Zoom in: One employee at the Consumer Financial Protection Bureau has been fired twice and had it reversed twice. They spoke on the condition of anonymity for fear of retaliation at work, where things are tenuous.
- This worker has been speaking to Axios since February, after the Trump administration ordered the agency to stop all work.
- They were terminated the first time then, one of tens of thousands of "probationary" employees who were let go across agencies.
- "It's been pretty exhausting dealing with everything," they said.
What happened: The first firing was a sloppy process, done through a form letter that didn't even include this person's name. Pay and benefits were cut immediately. There was a particularly stressful period where there was no health insurance for their entire family, all covered under their plan.

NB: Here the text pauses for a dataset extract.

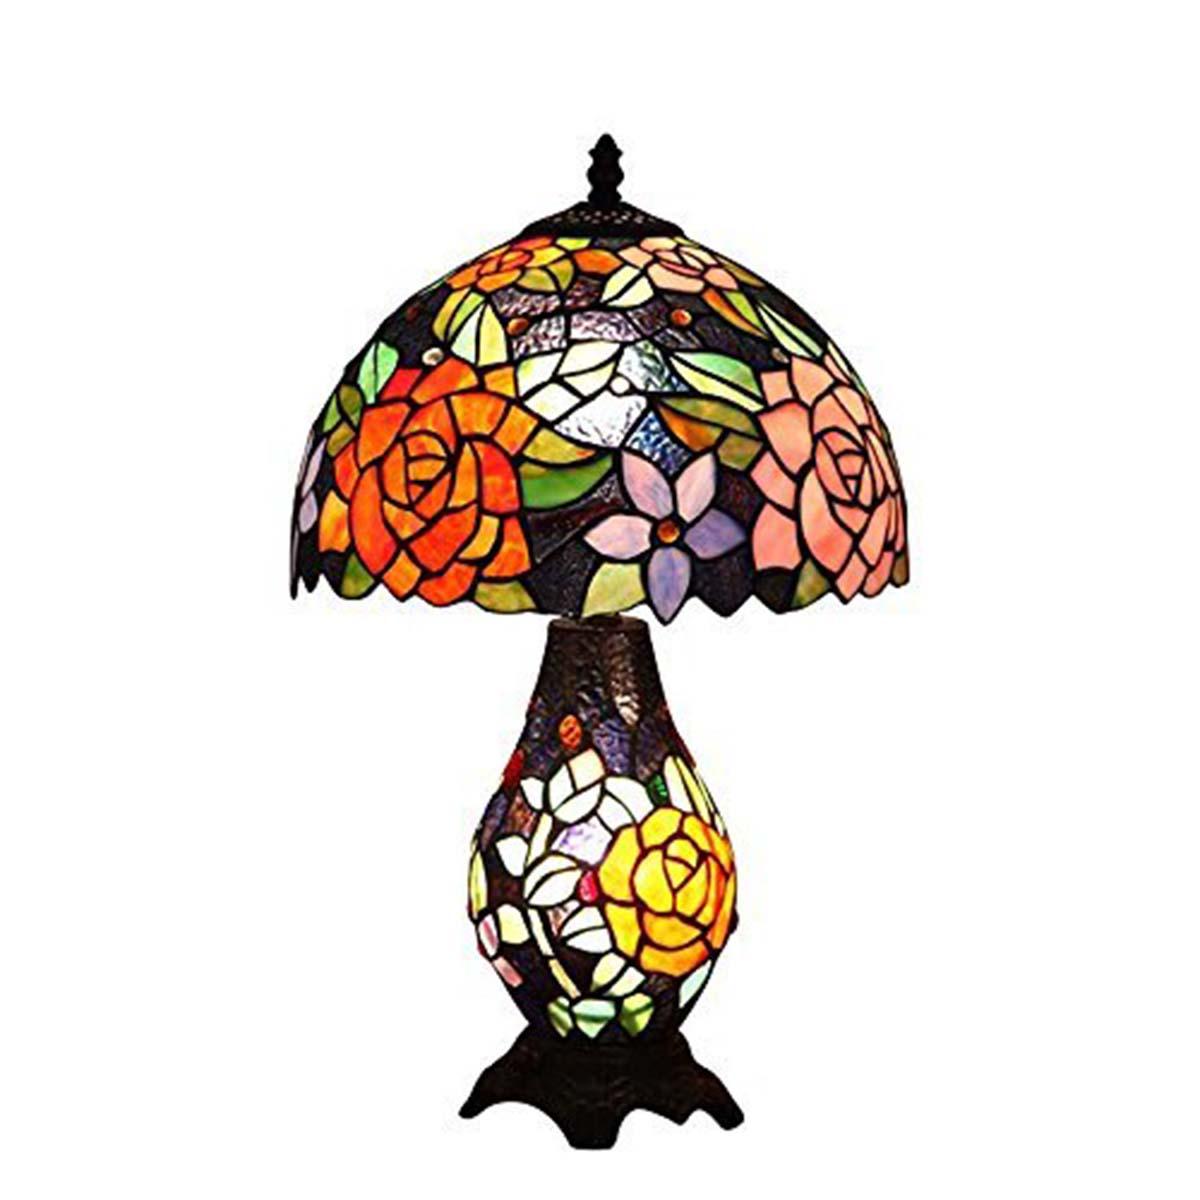 Bieye照明 ティファニーランプ 薔薇 バラ ベッドサイド ステンドグラスランプ インテリアライト 贈り物 雰囲気ランプ 卓上照明 オシャレ ロマンチック ステンドグラス照明 ステンドグラス ベッドサイドランプ 癒しグッズ 間接照明

- About a month later, after a federal judge ruled the probationary firings were illegal, they were reinstated and ultimately received six weeks' back pay for the time away. And it was inefficient, taking three weeks for this remote employee to get all equipment back up and running.
- Just a couple weeks after that, almost all employees at the CFPB received reduction-in-force notices. They were all fired in the RIF, part of the White House's effort to drastically scale back the federal workforce.
- They were given one day before their computer access was shut off. Then that same week, thanks to another court case, the RIF was rescinded.
Things are not back to normal now. There is not a lot of actual work to be done at the CFPB these days as leadership has put a stop to much of it.
- "We're all sweating now that we're just going to be terminated outright again," this worker said.
Zoom out: Being fired and rehired multiple times is unusual, but it does happen in the private sector.
- "It's disorienting," said Kevin Delaney, cofounder of Charter, a future-of-work startup. Back in the 1990s, working in television, he was fired and rehired multiple times. "After that I was probably less naive about what employment means in a company."
- Getting fired is already destabilizing and emotionally intense. For it to happen several times in a short period is even rougher to navigate.
The bottom line: Putting workers in a state of high anxiety was a stated goal of Russell Vought, who is now acting head of the CFPB.
- "We want the bureaucrats to be traumatically affected," Vought said in a speech last year, first reported by ProPublica.
- "When they wake up in the morning, we want them to not want to go to work," he said. "We want to put them in trauma."